The barred puffbird (Nystalus radiatus) is a species of bird in the family Bucconidae, the puffbirds, nunlets, and nunbirds. It is found in Panama, Colombia and Ecuador.

==Taxonomy and systematics==

In the first half of the twentieth century the barred puffbird was treated by some authors as belonging to genus Ecchaunornis, but since then was returned to genus Nystalus. It is monotypic. A proposed subspecies, "N. r. fulvidus" is probably a color morph.

==Description==

The barred puffbird is about 22 cm long and weighs about 63 g. Its crown is blackish with dark rufous bars. The upper nape is black, the lower nape yellowish red, and the upper mantle black. The rest of the upperparts and the wings are dark chestnut with narrow black bands. The tail is long, narrow, and chestnut with narrow black bands.

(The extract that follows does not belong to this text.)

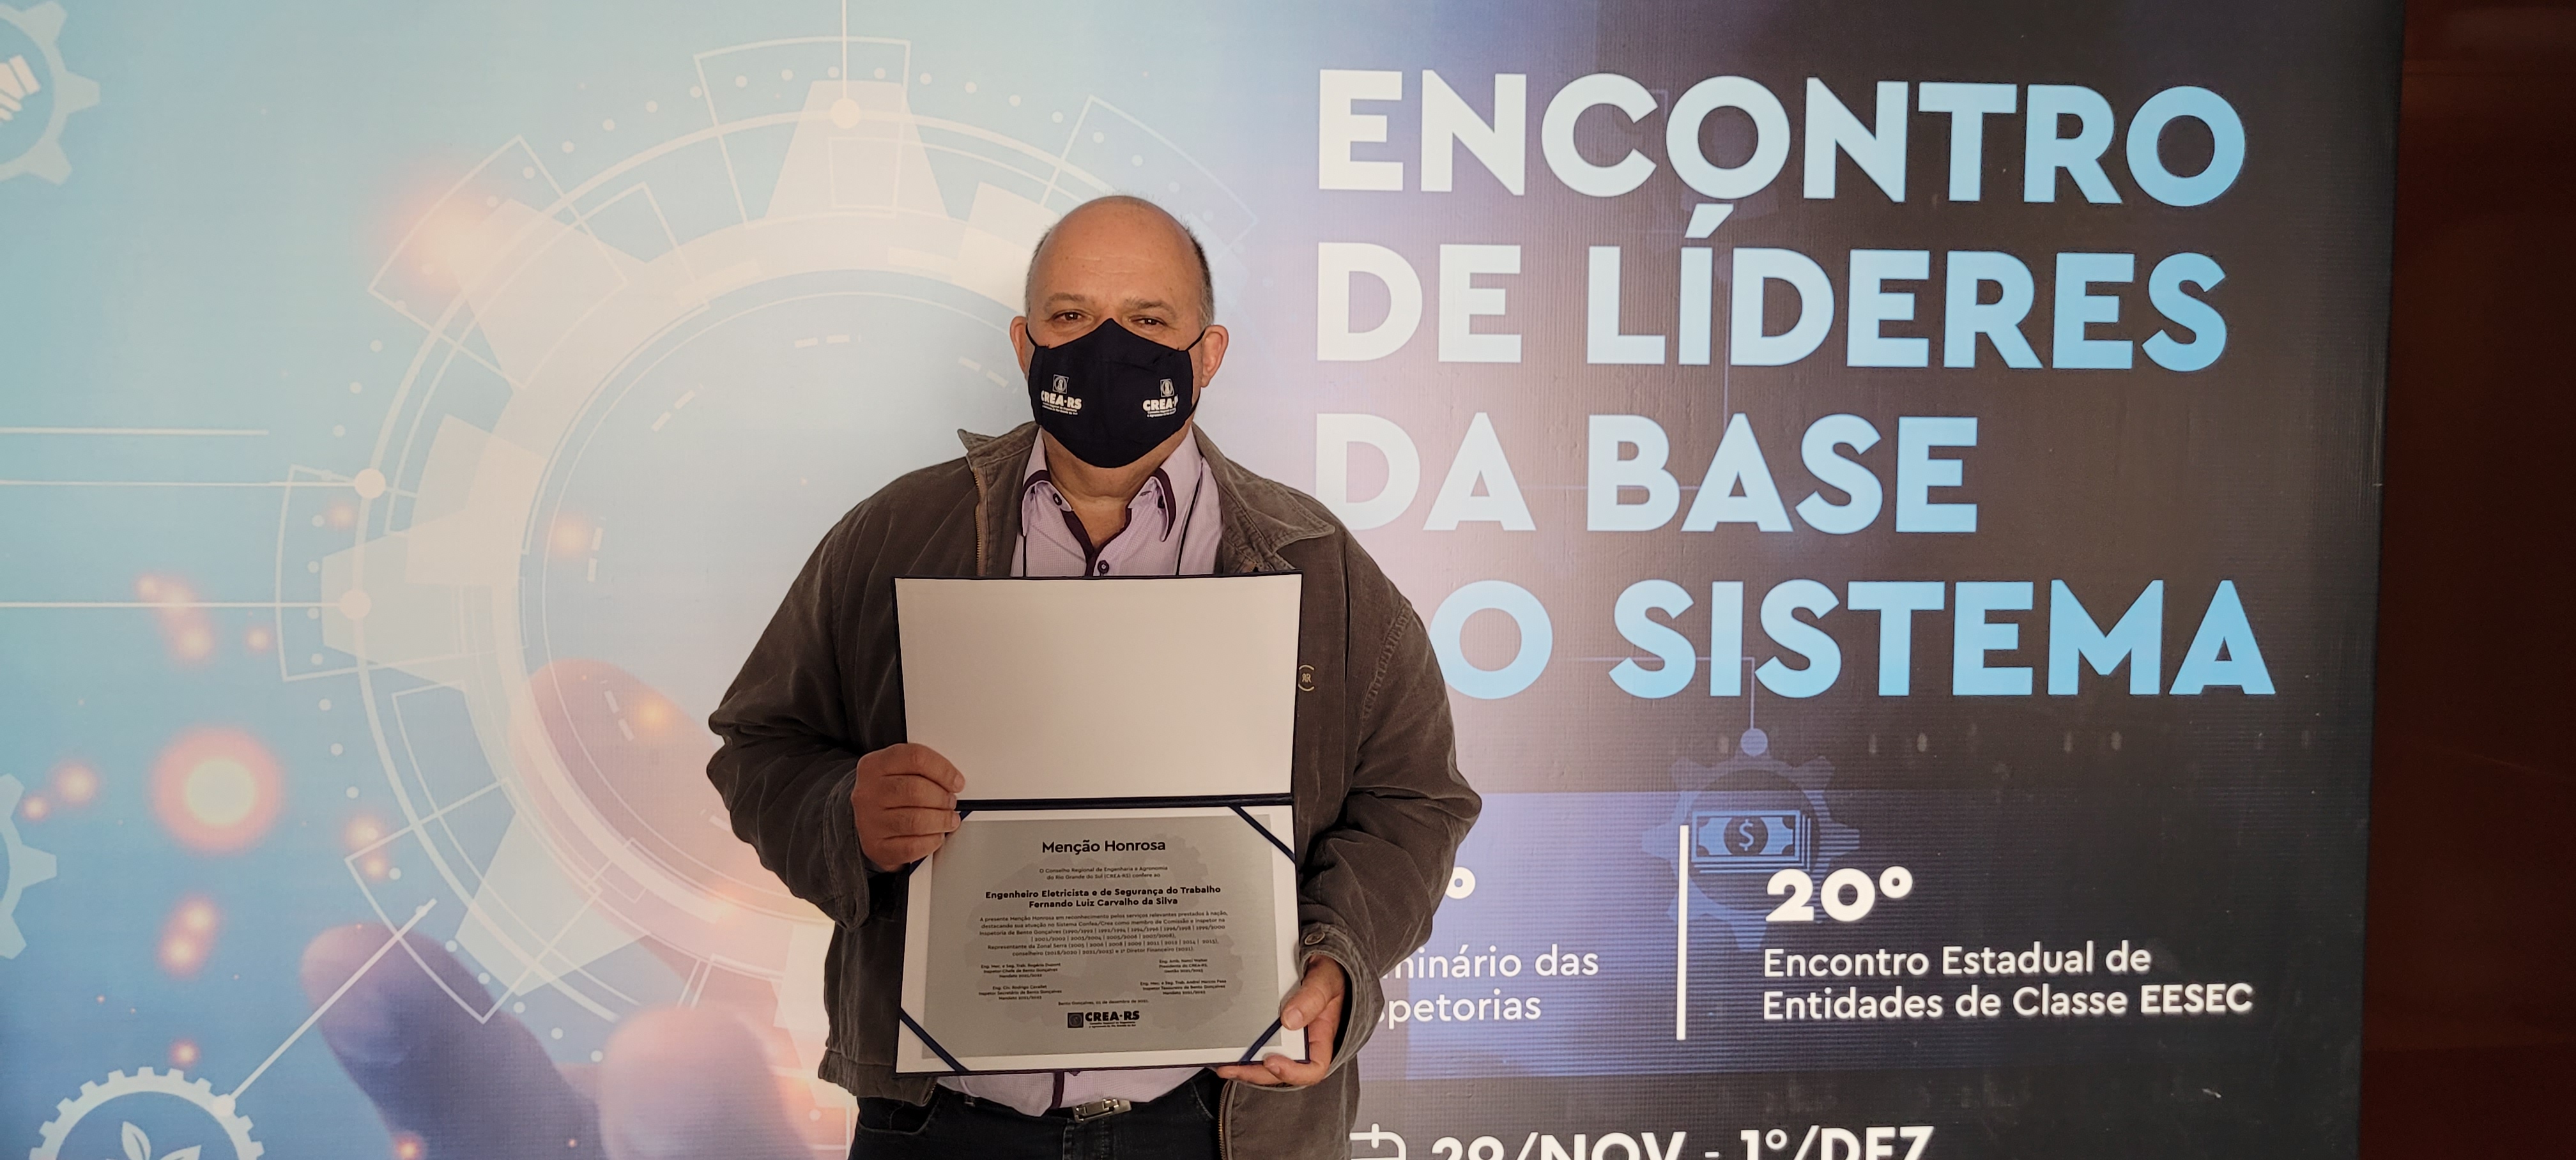 Eng. eletr. Fernando Luiz Carvalho da Silva e sua placa

The chin is whitish. The face and underparts are pale rufous with fine blackish bars except in the center of the belly. The bill is grayish yellow to blackish, the eye creamy yellow, and the feet greenish gray. The "fulvidus" morph is a deeper rufous overall.

==Distribution and habitat==

The barred puffbird is resident from central Panama into northern Colombia and through western Colombia into western Ecuador. It inhabits the lower levels of several semi-open landscapes including the borders of humid and wet forest, streamside vegetation, clearings with scattered trees, and the edges of forest trails. In Ecuador it has regularly been recorded perched on wires in agricultural areas. In elevation it is usually found up to 900 m but has been recorded locally in the Mindo, Ecuador region as high as 1675 m and once at 1550 m in Colombia.

==Behavior==
===Feeding===

The barred puffbird's foraging behavior has not been documented; other puffbirds typically hunt by sallying from a perch. Its diet includes large insects of several orders and small lizards.

===Breeding===

The only described nest of a barred puffbird was a cup of dead leaves. It was in a spherical chamber at the end of a narrow tunnel excavated in a clay bank and partially shaded by vegetation. It contained two well-grown nestlings.

===Vocalization===

The barred puffbird's song is "a long, slow, ventriloquial and very human-like wolf-whistle, 'phweeeeeet-weeeeeeuuuu'". Near the nest it made low-pitched "werr" and "werr werr woo" calls.

==Status==

The IUCN has assessed the barred puffbird as being of Least Concern. Its population is estimated at at least 50,000 mature individuals but is believed to be decreasing. It occurs in several protected areas in Colombia and Ecuador.